THE TERROR OF LIVING

by Urban Waite

Pub Date: Feb. 7th, 2011
ISBN: 978-0-316-09789-5
Publisher: Little, Brown

After a drug drop goes awry, ex-cons, drug lords, a psychopath and law officers play seek and maim in the Pacific Northwest in this debut thriller.

Phil Hunt, an ex-con struggling to run a horse farm with his wife, and another ex-con, a 22-year-old portentously identified only as “the Kid,” are out to pick up two packages filled with 200 kilos of cocaine in a deep forest in Washington state (rendered in sensory prose that recalls Hemingway’s “Big Two-Hearted River”). Deputy Bobby Drake nabs the Kid, but Hunt gets away. The Kid goes to jail, where someone who wants to keep him quiet about the drugs has him brutally murdered in the first of several explicitly rendered, harrowing scenes of violence. Hunt now realizes he’s in trouble with the law and with the drug dealers who sent him to retrieve the cocaine. He hopes to appease the latter by carrying out one more assignment for them, this one involving a young Vietnamese woman carrying tubes of coke in her stomach. The dealers, hovering about in their car, engage a man named Grady, who has great skill vivisecting humans with razor-sharp knives. The pursuits that follow are complicated and play out in sharply written, swiftly paced scenes.
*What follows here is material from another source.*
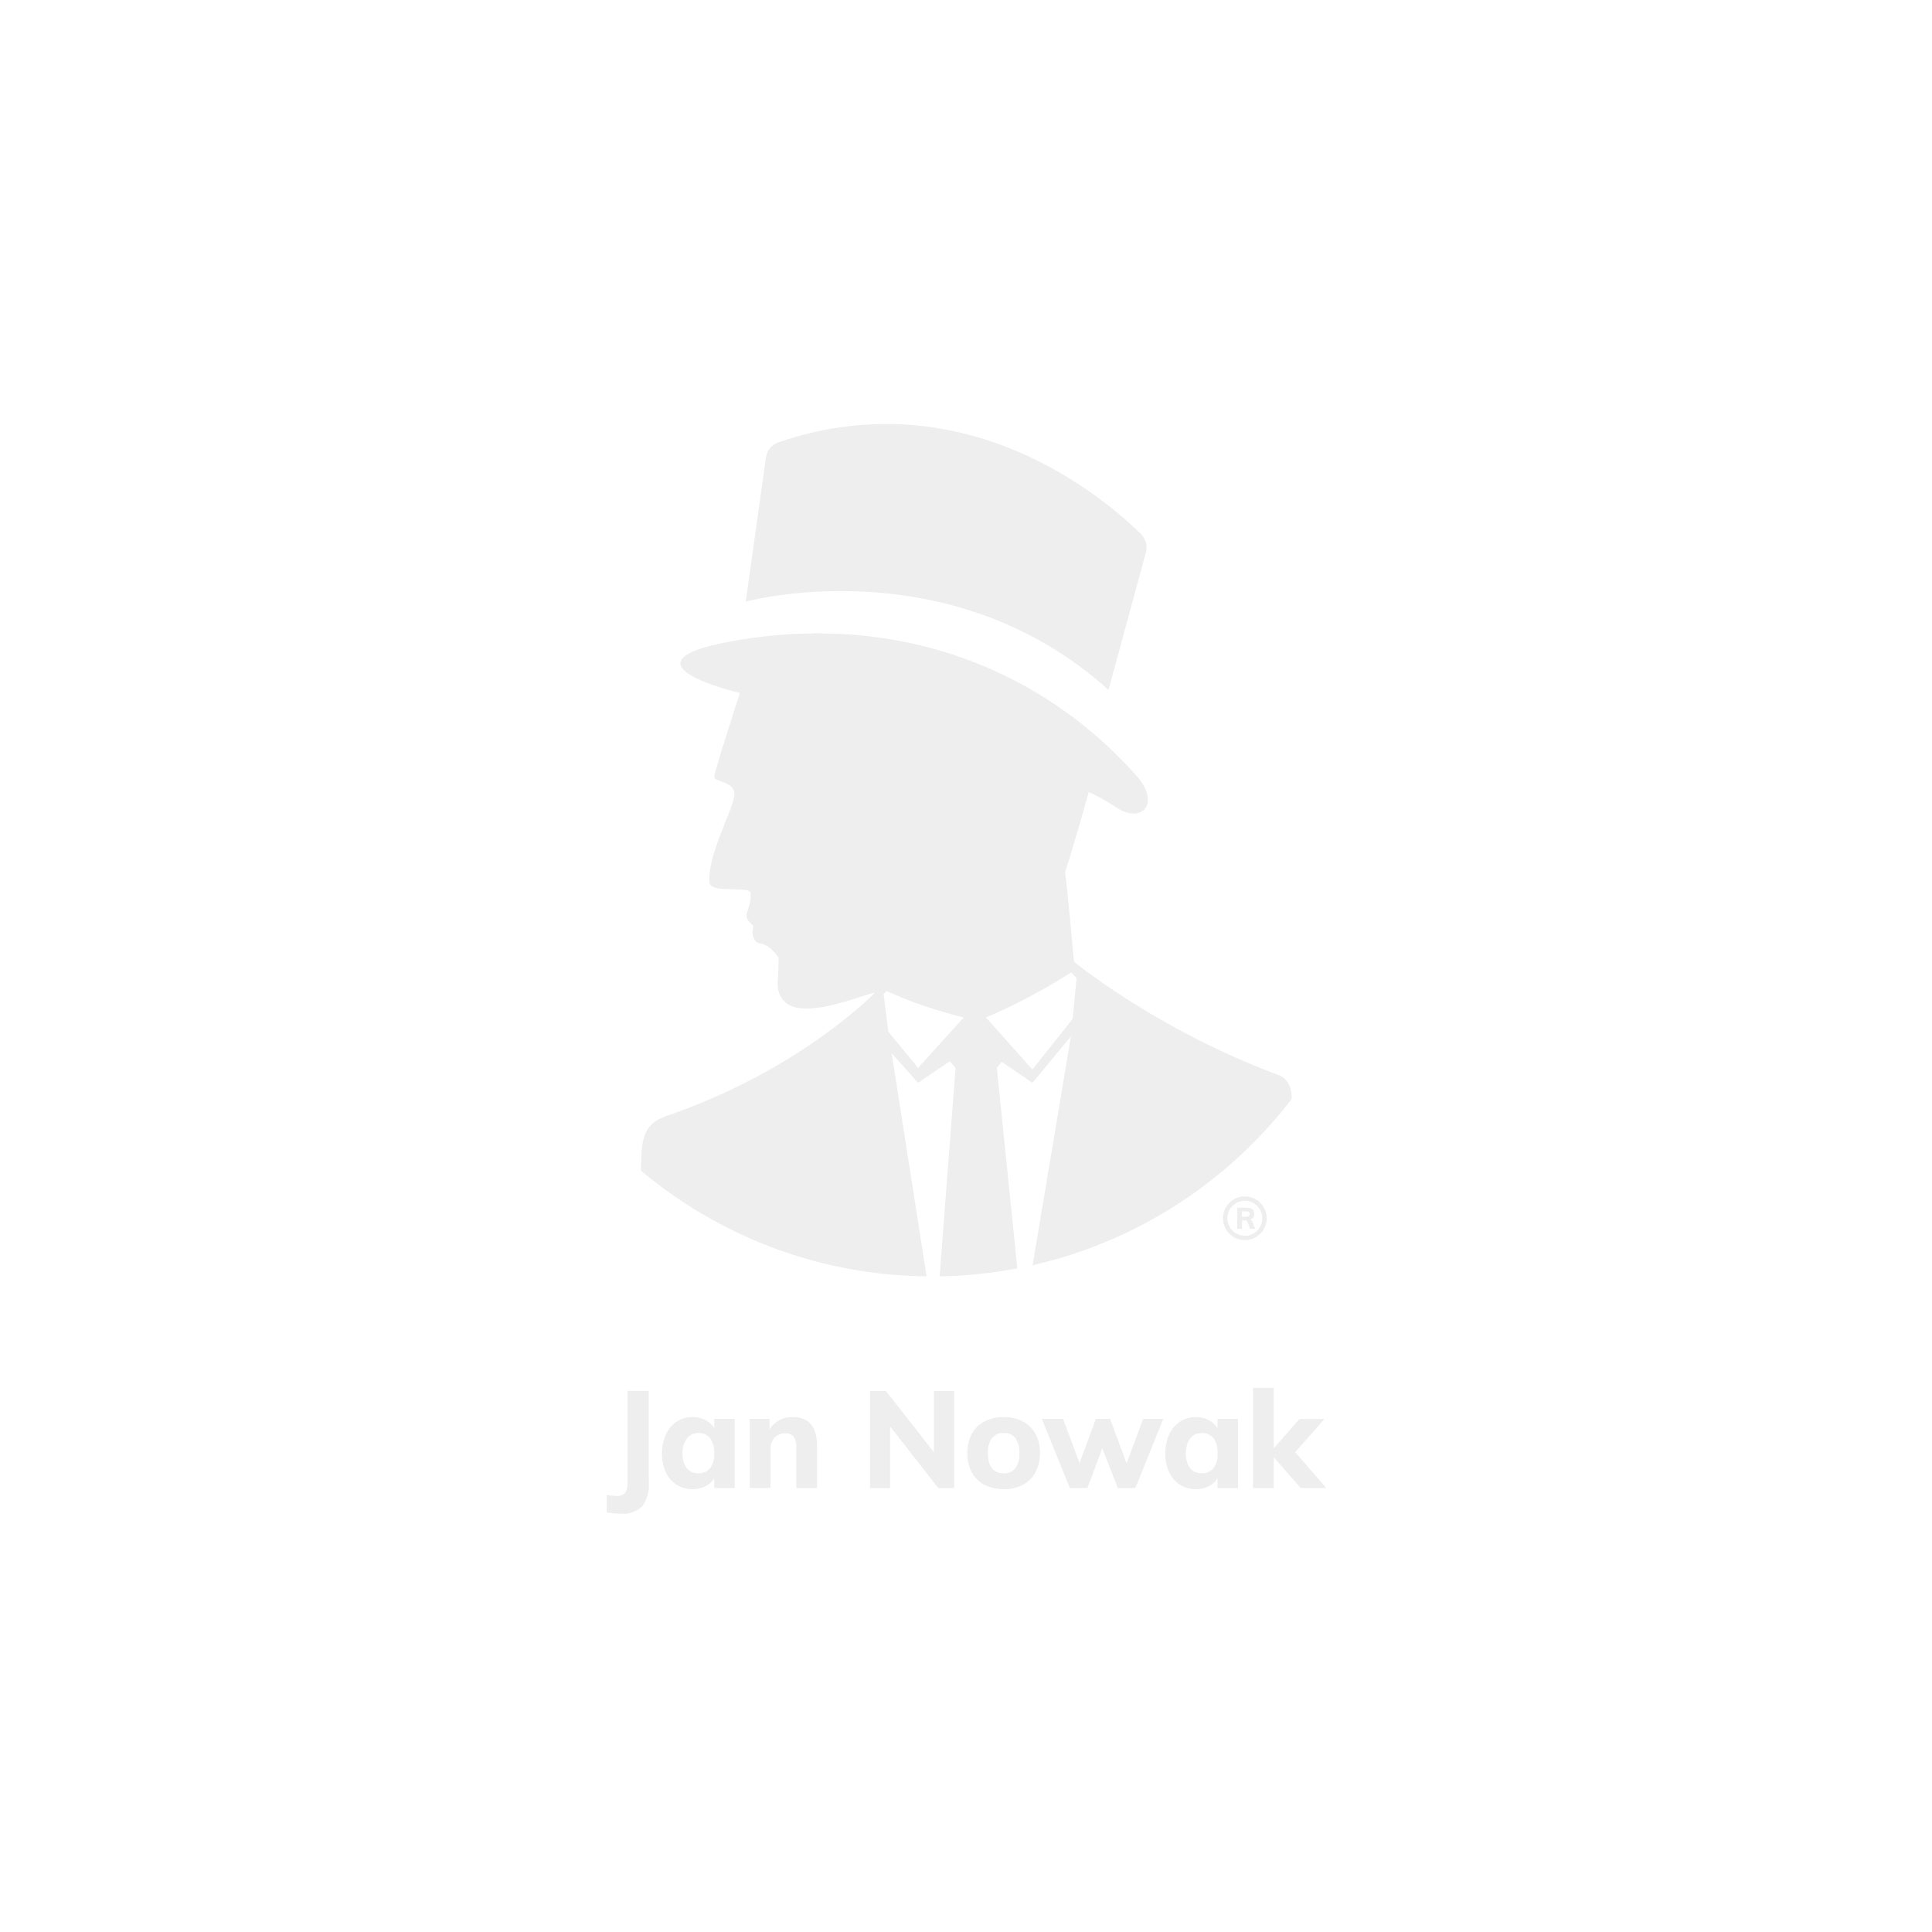 JAN NOWAK model ERIC stół warsztatowy: antracytowo-niebieski
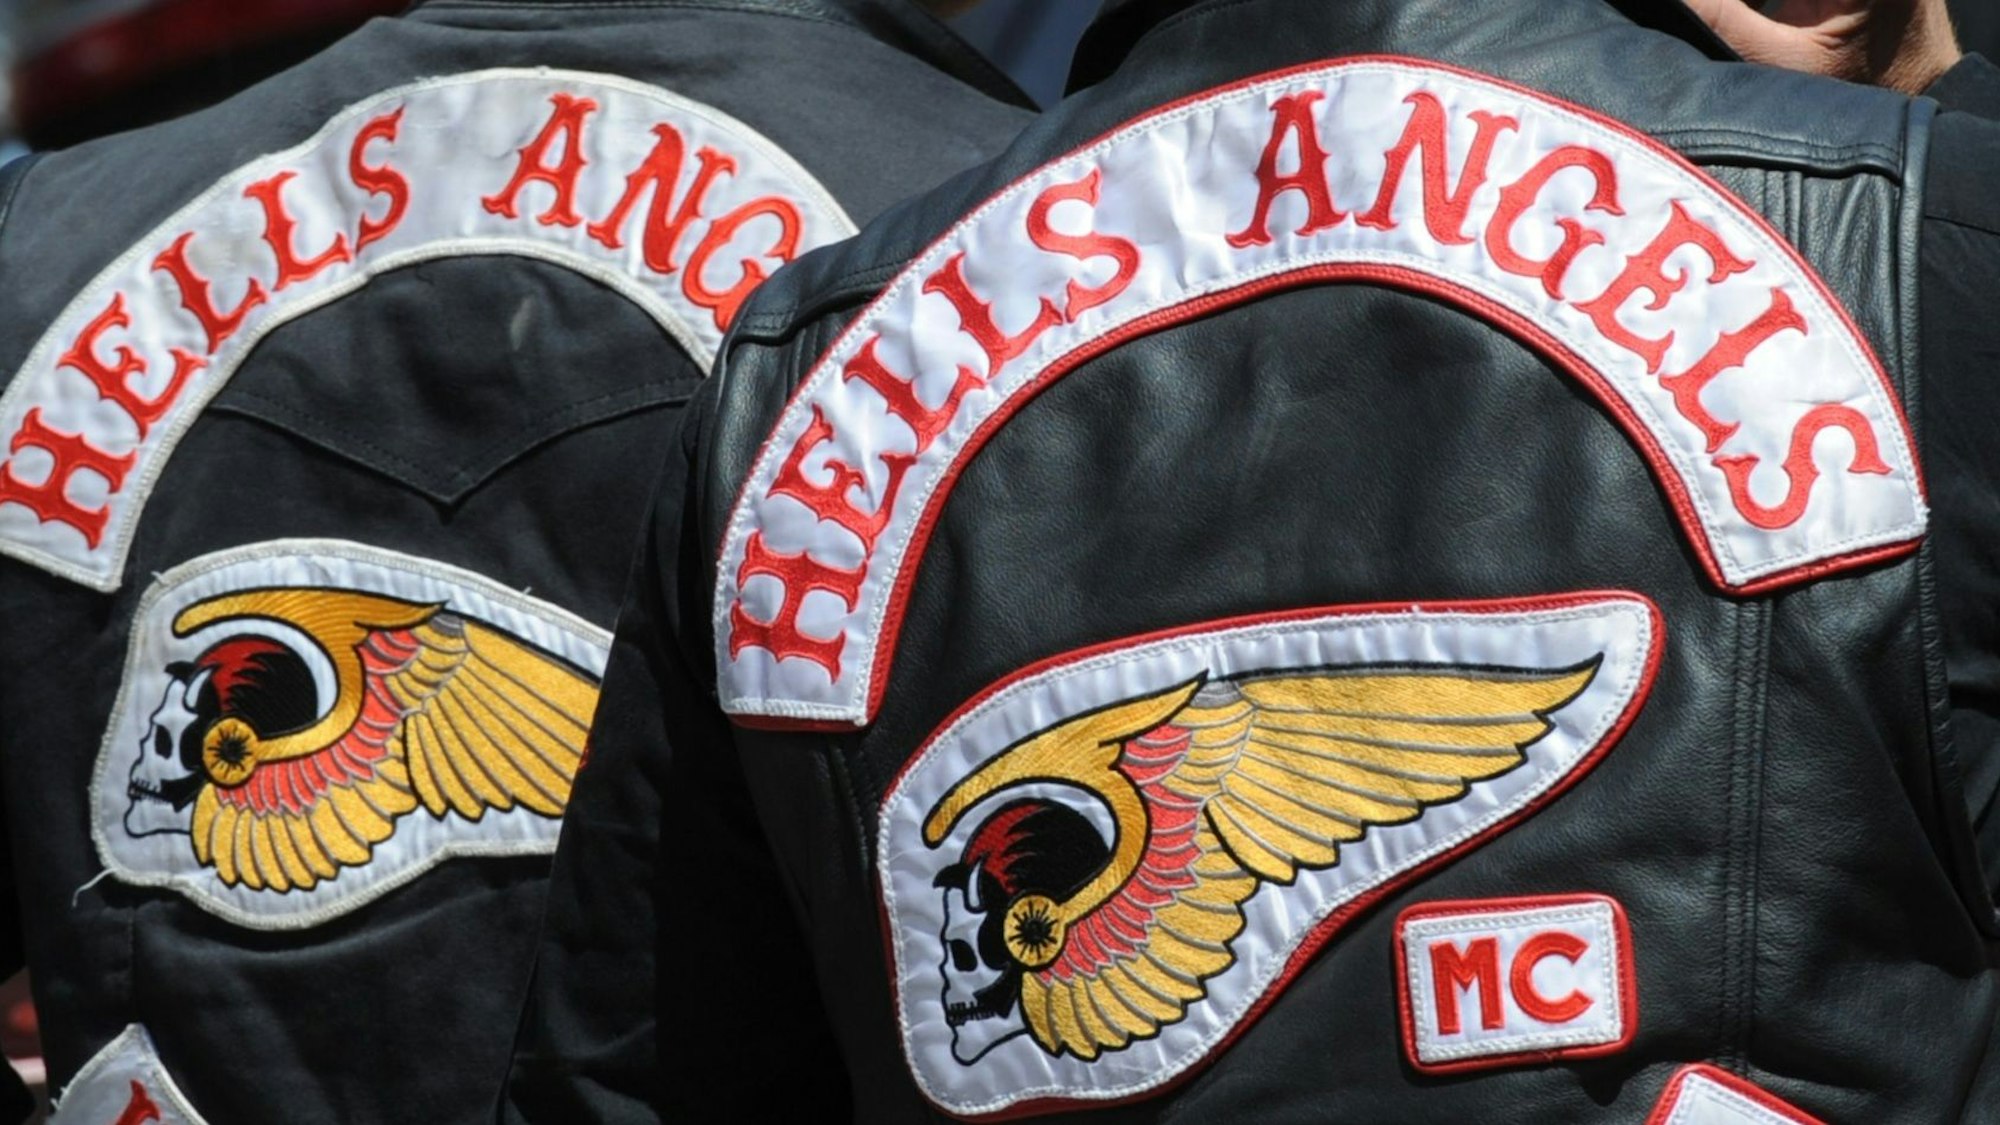 Zwei Hells Angels Mitglieder tragen am 16. Juni 2012 in Reutlingen (Baden-Württemberg) ihre Weste mit Logo der Hells Angels.

But as the book’s prose, its overwrought title and its violence—in a stark Cormac McCarthy landscape—suggest, Waite aims for more than a straightforward thriller. Haunted by the desertion of his father, now in prison, Drake longs for some sort of healing. Hunt, likewise, wants to know that his life, work and marriage after prison have brought him redemption. Saving Hunt, Drake feels as he circles the ex-con, may free them both.

Parts of the book are somewhat obvious. But the meticulously calibrated prose, rushing narrative and sympathetic protagonists mark Waite as a rewarding, promising writer.